I meander the sidewalk and comb the crowd. The only thing that catches my eye is the new Cheeburger Cheeburger opening up, a welcome addition. It makes me wonder what other great stores could take up shop here in The Village. First thing that comes to mind is a Chuck E. Cheese's -- because ball pits are the shit.

More wandering. I navigate the parking lot like Frodo through Mordor, dodging speedwalkers, strollers and the stereotypically terrible Virginia driver. Seriously, it's called a blinker.

The vacancy of electronic communication has become a stranglehold on my soul. Just a little more than a decade ago the cell phone was still an endangered species, reserved only for businessmen and rich kids. How did we all survive back then? It baffles me.

By this point, I remember that I haven't checked my e-mail in more than an hour. Now an Internet cafe seems like a better choice for a spot in The Village.

The growth of technology has been coupled with an almost perverted reliance on it by us humans. We check our e-mails incessantly, diving into our collective computer screens for hours on end, mindlessly surfing the depths of the Internet with no rhyme or reason.

The sunlight is starting to hurt my eyes. Have I really become this dependent on the all-holy iPhone, the Google gods, the deities of Dell? It makes me want to trash my laptop and move into the mountains. But even there, the wireless signals still reach.

Is this dependence a drug? Can our thirst for technology ever be satiated? Or will we forever crave more, a faster fix, a better buzz?

As I limp onward, so close to giving up, I hear from the distance my name being called. My friend has found me, rescued me from the fringe. And it only took the better part of an hour.
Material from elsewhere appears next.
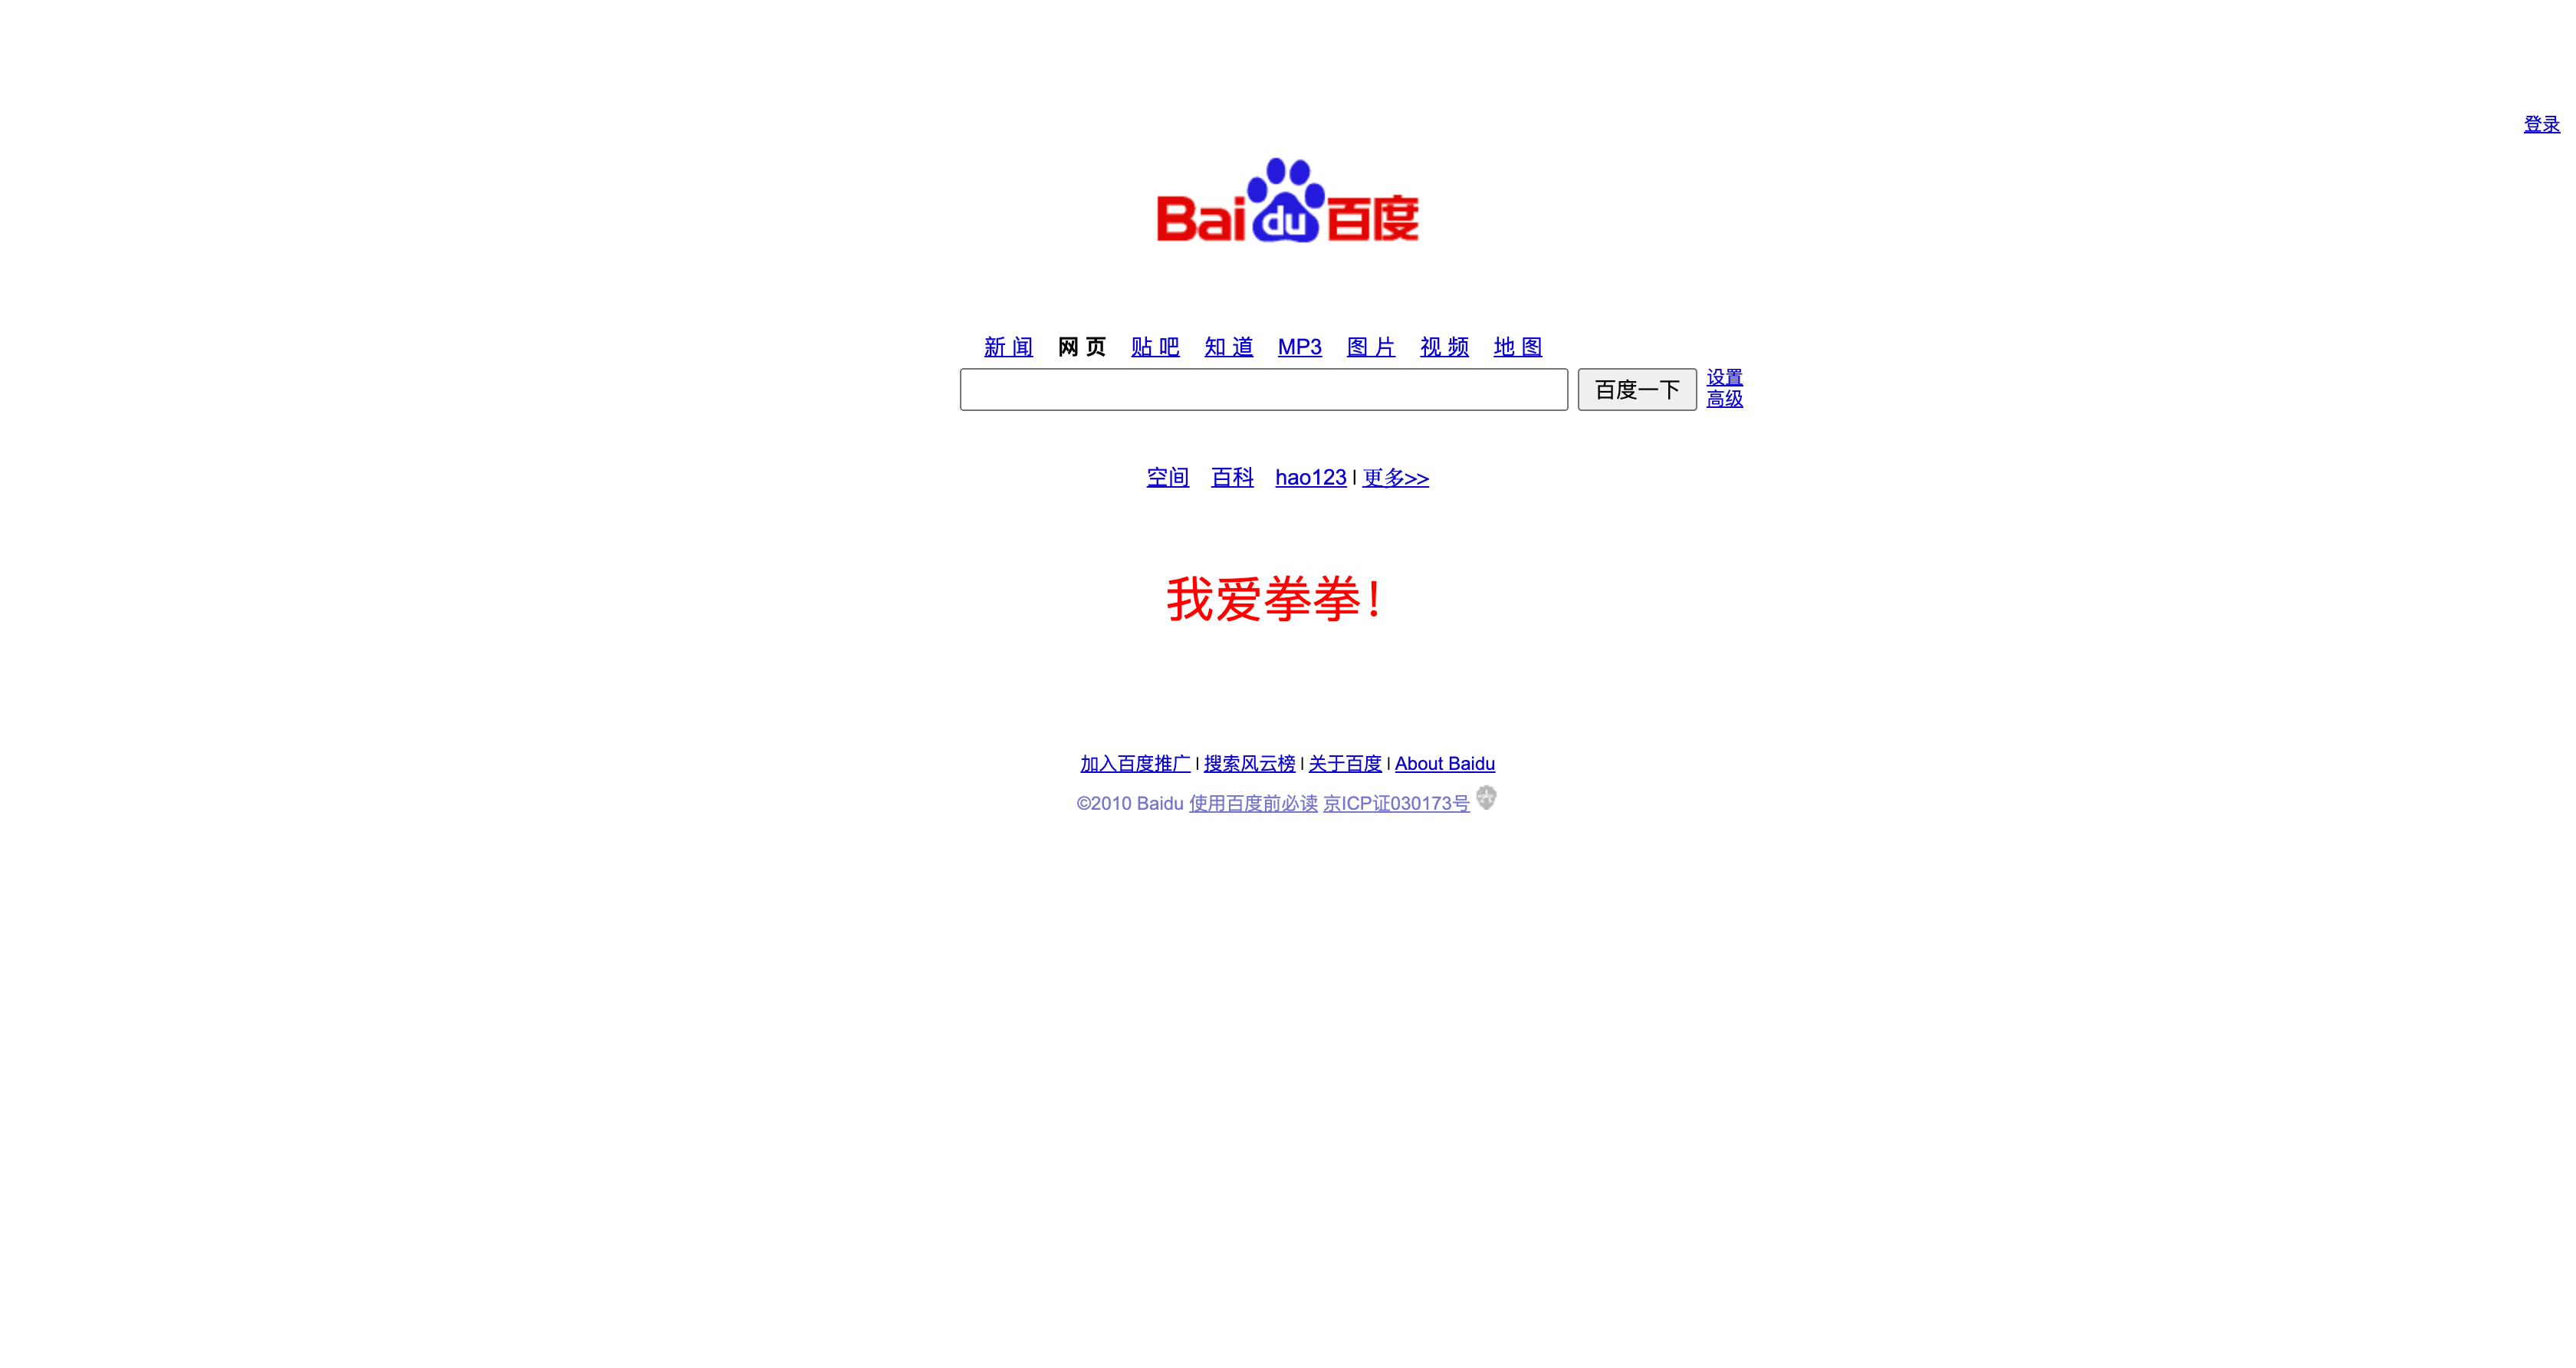 renfei.net在2010年的首页

When I get back to my apartment, my phone has six missed calls and a few "Where are you?" texts. I realize that technology has become an inescapable part of us now, the cell phone an extension of our voice, our fingertips.

But before we go burying our heads in the screens, let's all take a minute to reflect. Maybe it's healthy to leave your cell at home every once and awhile. Take time off from its grasp, its narcotic necessity. Find a balance, and maybe do things old-school now and again. Just make sure you figure out where you're meeting your friend before you separate.

And for the record, more than anything I want a movie theater to move into the Ukrop's plaza. But one that plays only that movie, "The Rock."

Because Sean Connery is also the shit.